CVD Risk Factors May Be Altered in Transgender Adults Receiving Hormone Therapy
CSHT is associated with thromboembolic risk for transgender women.
HealthDay News — Cardiovascular disease (CVD) risk factors may be altered among transgender adults receiving cross-sex hormone therapy (CSHT), according to a review published in the Annals of Internal Medicine.
Carl G. Streed Jr, MD, from Brigham and Women's Hospital in Boston, and colleagues discuss CVD and CVD risk factors in transgender populations receiving CSHT.

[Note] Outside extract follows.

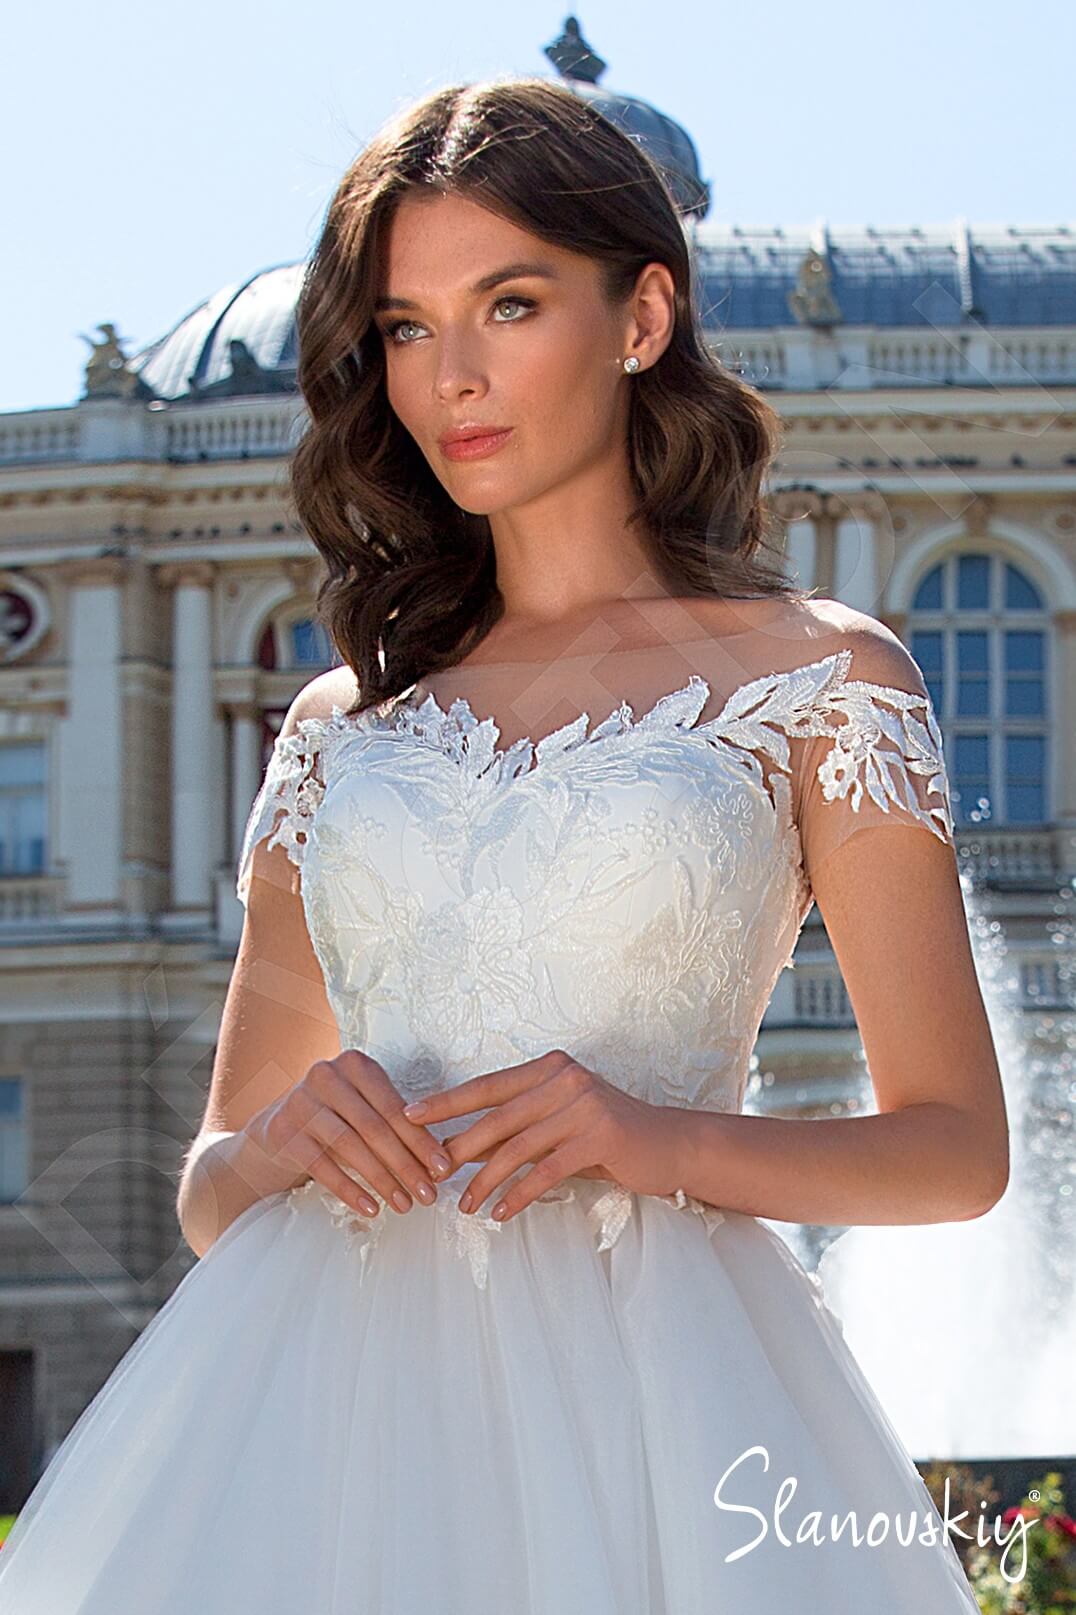 Manuela Full back Princess/Ball Gown Short/ Cap sleeve Wedding Dress 2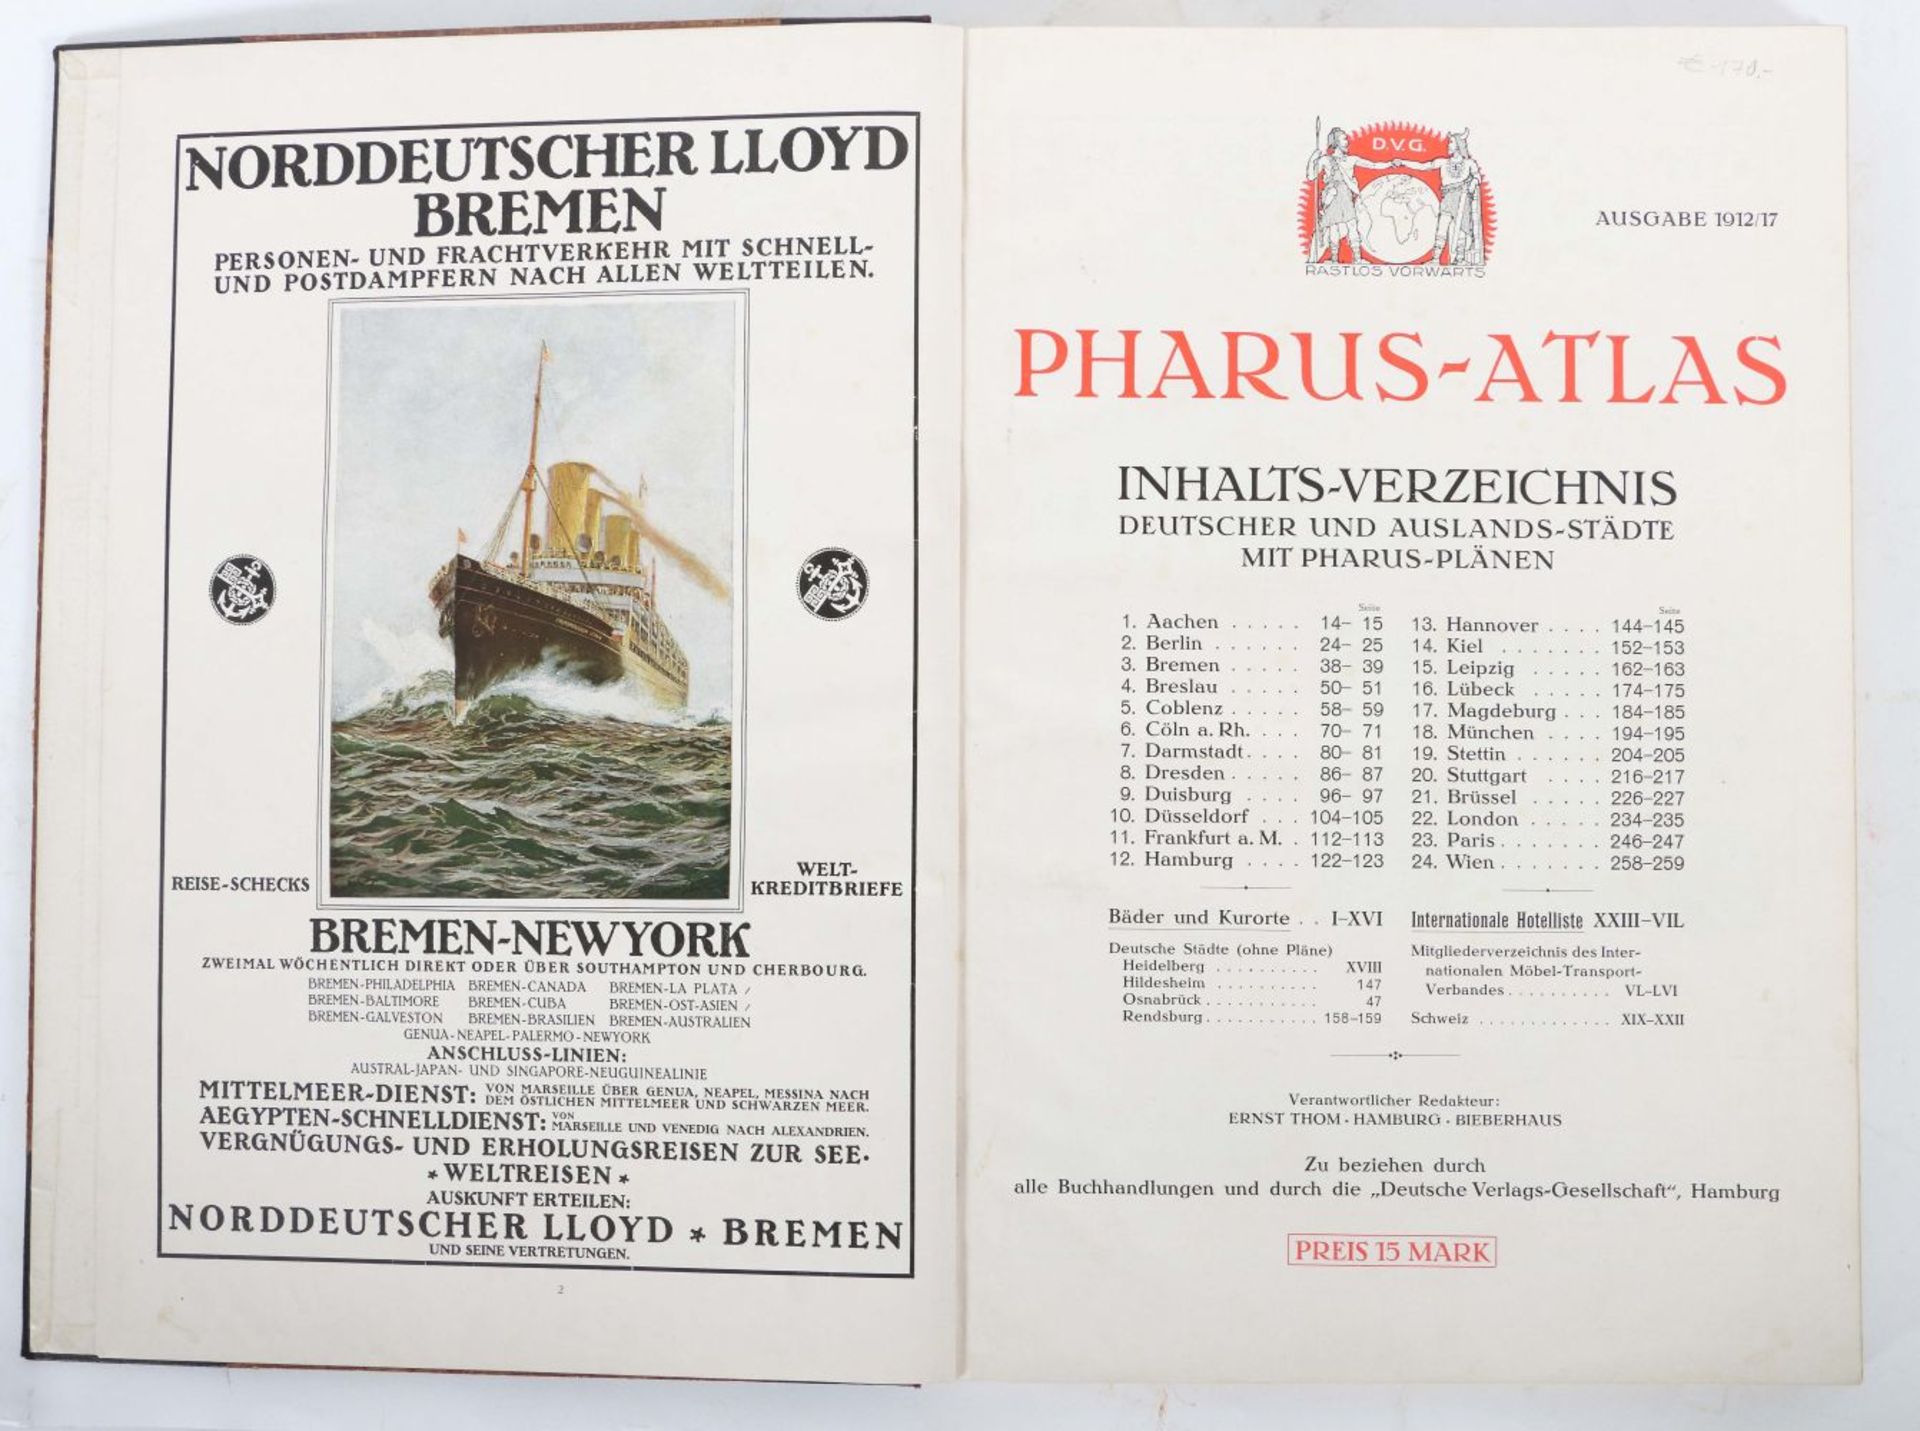 Pharus-Atlas Inhalts-Verzeichnis - Image 2 of 4

The researchers note that CVD risk factors are altered by CSHT, as with hormone therapy in cisgender persons. Due to concern regarding an increased risk for myocardial infarction and stroke, systemic hormone replacement for cisgender adults requires nuanced discussions based on baseline risk factors and age at administration of exogenous hormones.
CSHT has been linked to potential worsening of CVD risk factors (including blood pressure elevation, insulin resistance, and lipid derangements) for transgender adults; in transgender men receiving CSHT, these changes have not been associated with increases in morbidity or mortality. CSHT is associated with thromboembolic risk for transgender women, and lower-dose transdermal estrogen formulations are preferred over high-dose oral formulations. Many studies of transgender adults focus on younger people, limiting the generalizability to older transgender adults.
"The lack of randomized controlled trials comparing various routes and formulations of CSHT, as well as the paucity of prospective cohort studies, limits knowledge of any associations between CSHT and CVD," the authors write.
One author disclosed financial ties to the pharmaceutical and other industries, and is a co-inventor on a pending patient filed by Johns Hopkins University for a novel method of low-density lipoprotein cholesterol estimation.
Streed CG Jr, Harfouch O, Marvel F, Blumenthal RS, Martin SS, Mukherjee M. Cardiovascular disease among transgender adults receiving hormone therapy: a narrative review [published online July 25, 2017]. Ann Intern Med. doi: 10.7326/M17-0577.